Author SHA1 Message Date
Mark Goddard
9702d4c3c3 Performance: use import_tasks for check-containers.yml
Including tasks has a performance penalty when compared with importing
tasks. If the include has a condition associated with it, then the
overhead of the include may be lower than the overhead of skipping all
imported tasks. In the case of the check-containers.yml include, the
included file only has a single task, so the overhead of skipping this
task will not be greater than the overhead of the task import. It
therefore makes sense to switch to use import_tasks there.

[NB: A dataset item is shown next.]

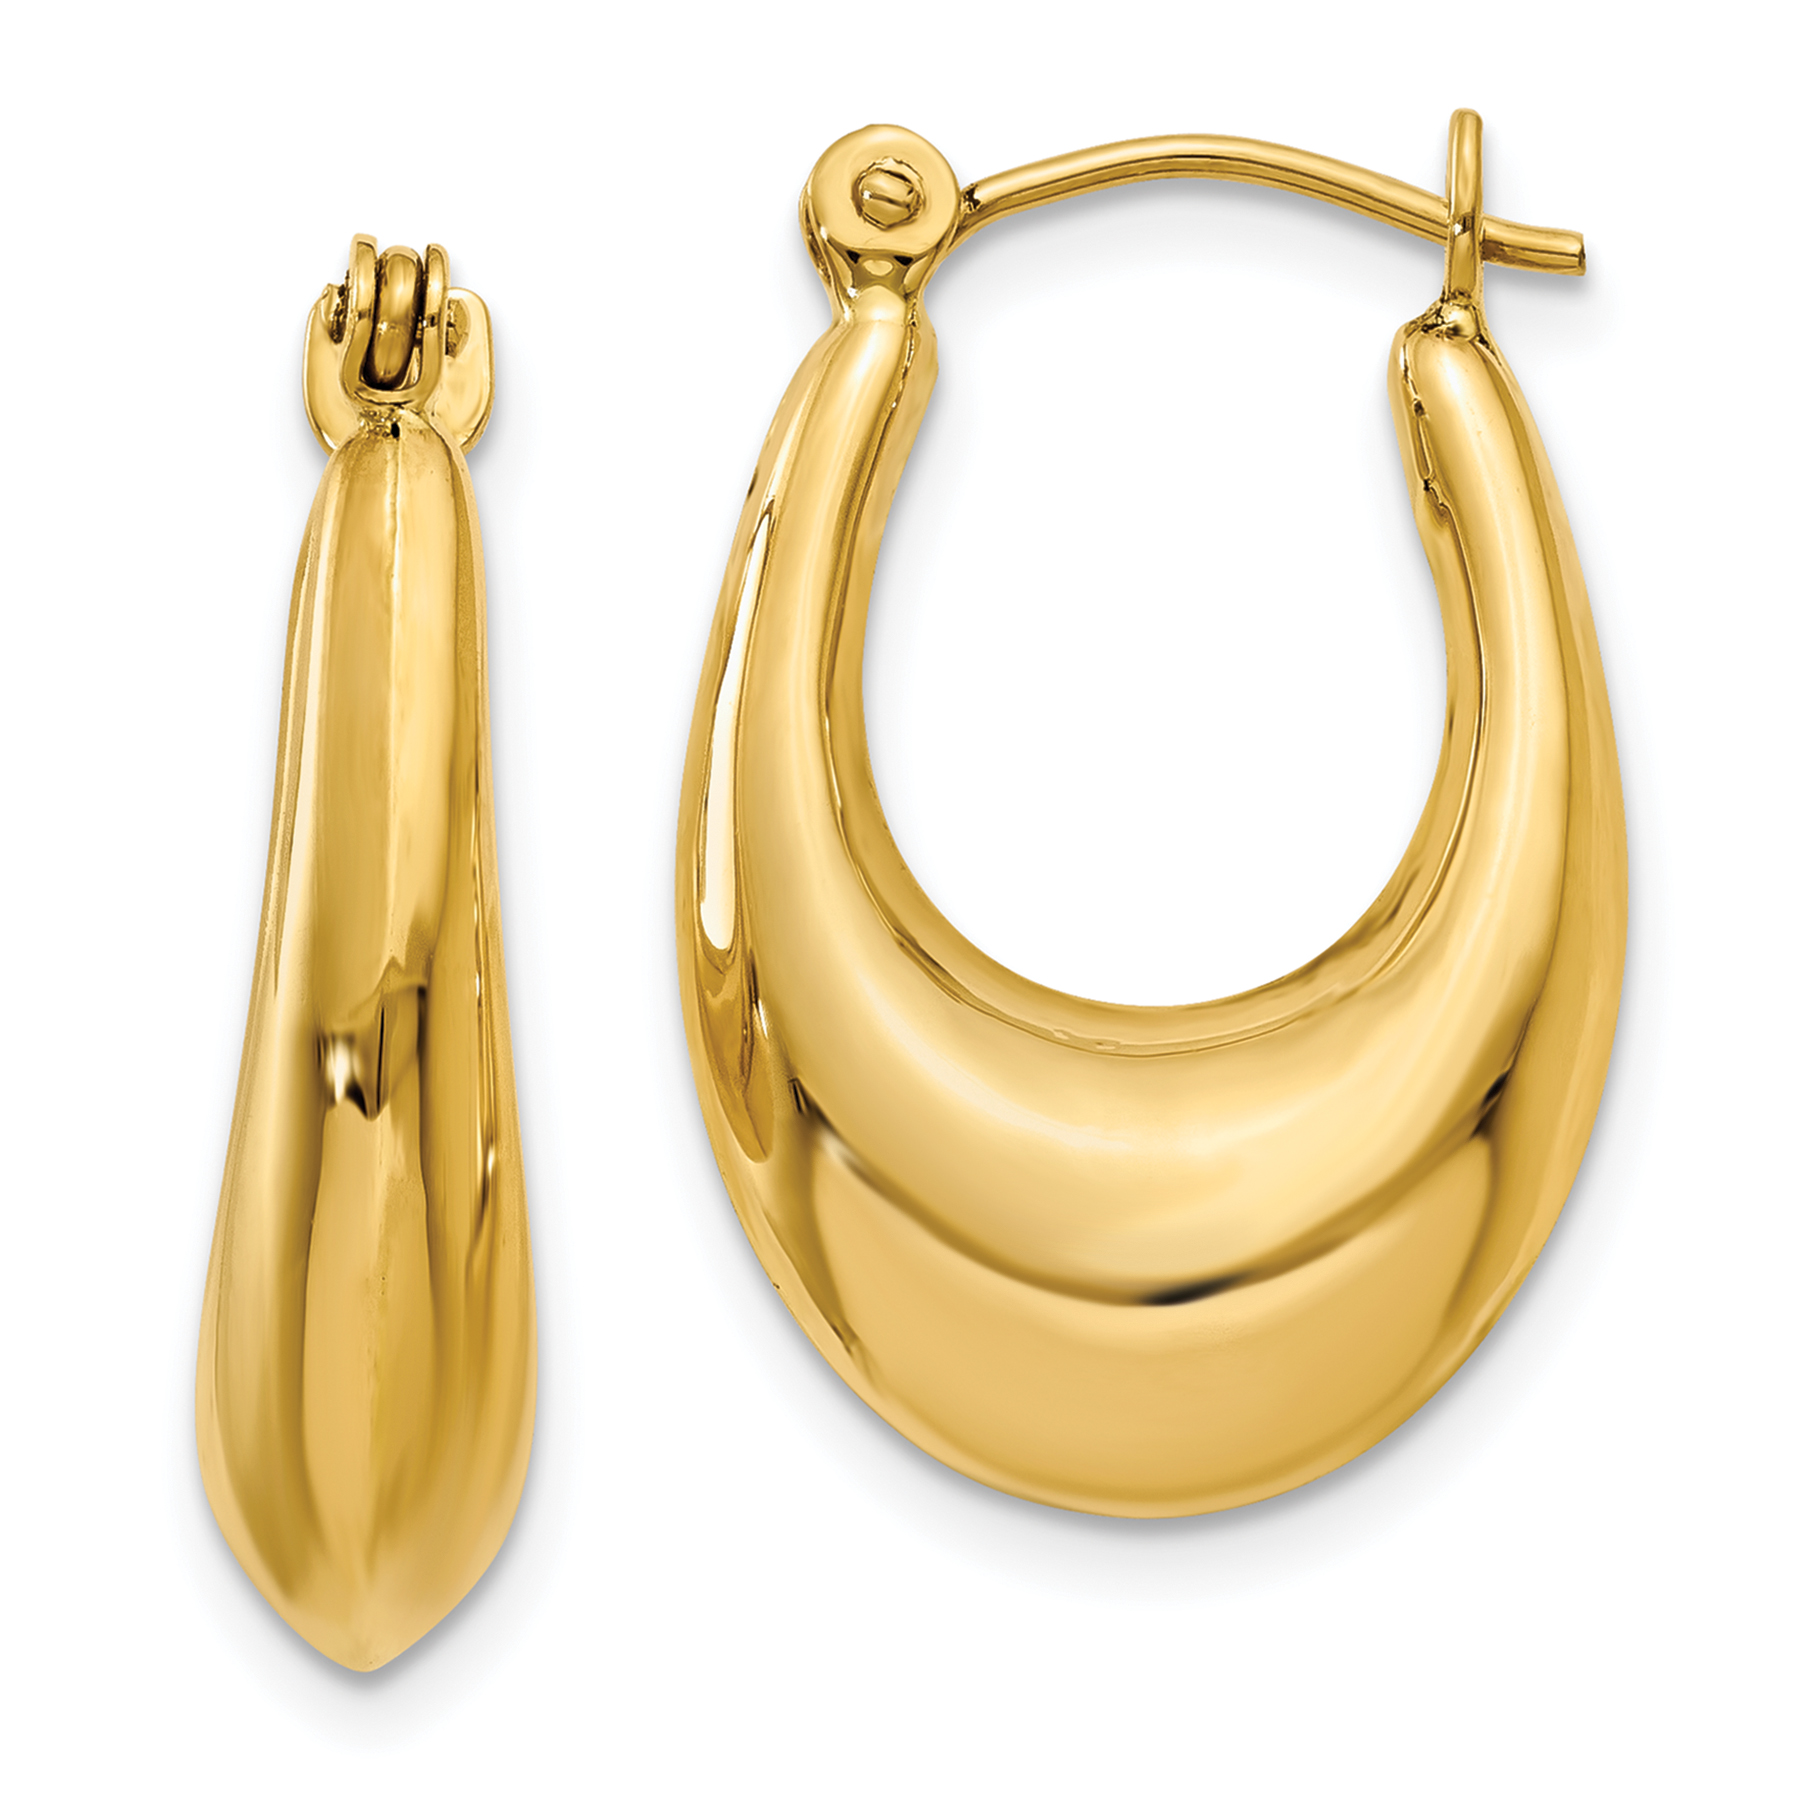 15mm X 15mm 14k Two-Tone Gold Fancy Hollow Hoop Earrings,

Partially-Implements: blueprint performance-improvements

Change-Id: I65d911670649960708b9f6a4c110d1a7df1ad8f7
2020-07-28 12:10:59 +01:00
Zuul
b0407ffb17 Merge "Make /dev/kvm permissions handling more robust" 2020-07-22 12:32:40 +00:00
Radosław Piliszek
202365e702 Make /dev/kvm permissions handling more robust
This makes use of udev rules to make it smarter and override
host-level packages settings.
Additionally, this masks Ubuntu-only service that is another
pain point in terms of /dev/kvm permissions.
Fingers crossed for no further surprises.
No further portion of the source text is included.